[Excerpts from a dataset]
Content starts

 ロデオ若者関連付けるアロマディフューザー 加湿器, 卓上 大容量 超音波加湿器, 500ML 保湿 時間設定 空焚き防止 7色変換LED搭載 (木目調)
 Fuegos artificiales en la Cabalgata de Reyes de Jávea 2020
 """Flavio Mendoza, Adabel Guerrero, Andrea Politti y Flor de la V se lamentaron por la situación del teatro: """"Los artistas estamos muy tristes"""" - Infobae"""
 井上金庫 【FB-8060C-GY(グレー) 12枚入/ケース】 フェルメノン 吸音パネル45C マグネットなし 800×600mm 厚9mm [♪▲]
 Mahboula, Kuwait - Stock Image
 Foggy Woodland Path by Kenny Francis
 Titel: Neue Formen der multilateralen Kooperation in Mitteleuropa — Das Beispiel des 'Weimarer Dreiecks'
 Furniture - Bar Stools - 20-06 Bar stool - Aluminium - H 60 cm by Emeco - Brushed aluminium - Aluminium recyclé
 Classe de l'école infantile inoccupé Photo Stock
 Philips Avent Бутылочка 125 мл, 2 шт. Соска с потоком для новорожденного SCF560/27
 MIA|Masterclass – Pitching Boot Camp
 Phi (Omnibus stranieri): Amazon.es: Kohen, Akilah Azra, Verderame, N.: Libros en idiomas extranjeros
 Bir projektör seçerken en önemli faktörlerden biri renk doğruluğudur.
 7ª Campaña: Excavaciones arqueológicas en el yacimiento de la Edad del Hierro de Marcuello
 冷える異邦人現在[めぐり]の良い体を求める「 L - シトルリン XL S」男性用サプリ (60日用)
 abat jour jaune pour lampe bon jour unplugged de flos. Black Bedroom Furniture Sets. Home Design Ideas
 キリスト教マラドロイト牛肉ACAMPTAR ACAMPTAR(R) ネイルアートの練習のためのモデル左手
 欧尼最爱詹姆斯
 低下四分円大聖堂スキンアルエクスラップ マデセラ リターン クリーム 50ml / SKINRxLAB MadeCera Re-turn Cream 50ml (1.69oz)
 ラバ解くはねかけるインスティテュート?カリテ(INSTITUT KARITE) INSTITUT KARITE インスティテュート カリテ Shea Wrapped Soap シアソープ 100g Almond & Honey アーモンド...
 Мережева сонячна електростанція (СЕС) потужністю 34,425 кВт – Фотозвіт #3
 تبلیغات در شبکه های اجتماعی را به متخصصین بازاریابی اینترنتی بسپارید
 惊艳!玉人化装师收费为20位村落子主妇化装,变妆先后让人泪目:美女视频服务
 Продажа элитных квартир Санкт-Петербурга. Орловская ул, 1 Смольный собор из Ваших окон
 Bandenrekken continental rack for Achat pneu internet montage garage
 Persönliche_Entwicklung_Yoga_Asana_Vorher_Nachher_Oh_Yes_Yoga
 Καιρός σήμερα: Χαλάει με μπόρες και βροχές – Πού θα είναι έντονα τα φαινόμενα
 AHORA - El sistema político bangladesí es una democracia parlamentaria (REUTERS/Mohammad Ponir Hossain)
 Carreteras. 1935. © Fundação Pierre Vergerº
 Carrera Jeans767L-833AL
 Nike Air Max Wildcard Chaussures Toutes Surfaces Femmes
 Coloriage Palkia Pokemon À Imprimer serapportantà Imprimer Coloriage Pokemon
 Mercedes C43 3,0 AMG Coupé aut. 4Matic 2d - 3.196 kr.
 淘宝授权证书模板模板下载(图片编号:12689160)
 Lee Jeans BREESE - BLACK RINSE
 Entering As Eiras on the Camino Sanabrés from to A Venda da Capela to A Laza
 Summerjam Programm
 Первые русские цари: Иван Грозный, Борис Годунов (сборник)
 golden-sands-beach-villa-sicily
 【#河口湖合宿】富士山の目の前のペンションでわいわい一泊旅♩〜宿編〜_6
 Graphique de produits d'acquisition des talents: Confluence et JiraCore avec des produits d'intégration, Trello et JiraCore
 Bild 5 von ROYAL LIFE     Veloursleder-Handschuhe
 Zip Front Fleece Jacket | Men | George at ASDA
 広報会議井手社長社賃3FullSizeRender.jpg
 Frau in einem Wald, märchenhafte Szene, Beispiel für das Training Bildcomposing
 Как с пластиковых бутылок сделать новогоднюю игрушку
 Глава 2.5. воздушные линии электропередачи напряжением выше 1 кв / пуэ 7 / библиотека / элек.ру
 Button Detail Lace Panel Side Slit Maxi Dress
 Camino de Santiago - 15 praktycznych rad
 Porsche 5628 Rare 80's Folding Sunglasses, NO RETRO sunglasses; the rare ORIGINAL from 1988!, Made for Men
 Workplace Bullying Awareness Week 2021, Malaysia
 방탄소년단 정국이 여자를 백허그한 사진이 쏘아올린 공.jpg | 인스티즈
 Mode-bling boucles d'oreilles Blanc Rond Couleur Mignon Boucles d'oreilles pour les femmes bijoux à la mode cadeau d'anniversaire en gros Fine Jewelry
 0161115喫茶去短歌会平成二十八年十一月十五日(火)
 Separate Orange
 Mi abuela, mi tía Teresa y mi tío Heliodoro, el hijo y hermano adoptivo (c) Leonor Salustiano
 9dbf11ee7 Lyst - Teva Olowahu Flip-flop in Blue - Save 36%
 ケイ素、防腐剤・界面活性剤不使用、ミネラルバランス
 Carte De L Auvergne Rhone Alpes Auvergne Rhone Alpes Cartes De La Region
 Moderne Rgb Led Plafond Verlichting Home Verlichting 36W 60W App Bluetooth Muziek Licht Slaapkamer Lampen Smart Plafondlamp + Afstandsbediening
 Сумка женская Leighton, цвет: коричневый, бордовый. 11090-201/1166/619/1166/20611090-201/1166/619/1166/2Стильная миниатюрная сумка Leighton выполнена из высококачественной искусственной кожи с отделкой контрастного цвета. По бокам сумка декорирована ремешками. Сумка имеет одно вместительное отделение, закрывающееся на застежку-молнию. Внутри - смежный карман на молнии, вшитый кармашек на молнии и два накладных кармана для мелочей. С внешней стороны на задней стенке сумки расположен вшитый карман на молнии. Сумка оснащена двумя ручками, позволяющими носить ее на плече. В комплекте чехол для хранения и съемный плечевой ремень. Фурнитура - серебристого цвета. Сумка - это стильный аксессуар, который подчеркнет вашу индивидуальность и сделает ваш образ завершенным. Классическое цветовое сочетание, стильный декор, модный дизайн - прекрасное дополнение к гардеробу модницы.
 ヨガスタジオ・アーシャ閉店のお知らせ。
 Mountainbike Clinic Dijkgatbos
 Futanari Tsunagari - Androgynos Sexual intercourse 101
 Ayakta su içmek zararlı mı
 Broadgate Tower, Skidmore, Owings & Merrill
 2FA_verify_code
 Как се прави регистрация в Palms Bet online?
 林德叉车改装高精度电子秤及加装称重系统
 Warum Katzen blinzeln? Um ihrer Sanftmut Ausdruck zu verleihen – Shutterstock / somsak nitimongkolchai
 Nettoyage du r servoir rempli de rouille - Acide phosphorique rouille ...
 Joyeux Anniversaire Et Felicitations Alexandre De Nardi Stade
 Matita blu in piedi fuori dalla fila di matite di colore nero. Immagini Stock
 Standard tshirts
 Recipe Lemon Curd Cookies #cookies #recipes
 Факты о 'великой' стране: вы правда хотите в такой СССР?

Content ends

- [WHAT YOU NEED TO DO]
Copy, exactly and only, the lines above that begin with the one containing "abat jour jaune" and finish with the one containing "低下四分円大聖堂スキンアルエクスラップ マデセラ リターン".

- [RESPONSE]
 abat jour jaune pour lampe bon jour unplugged de flos. Black Bedroom Furniture Sets. Home Design Ideas
 キリスト教マラドロイト牛肉ACAMPTAR ACAMPTAR(R) ネイルアートの練習のためのモデル左手
 欧尼最爱詹姆斯
 低下四分円大聖堂スキンアルエクスラップ マデセラ リターン クリーム 50ml / SKINRxLAB MadeCera Re-turn Cream 50ml (1.69oz)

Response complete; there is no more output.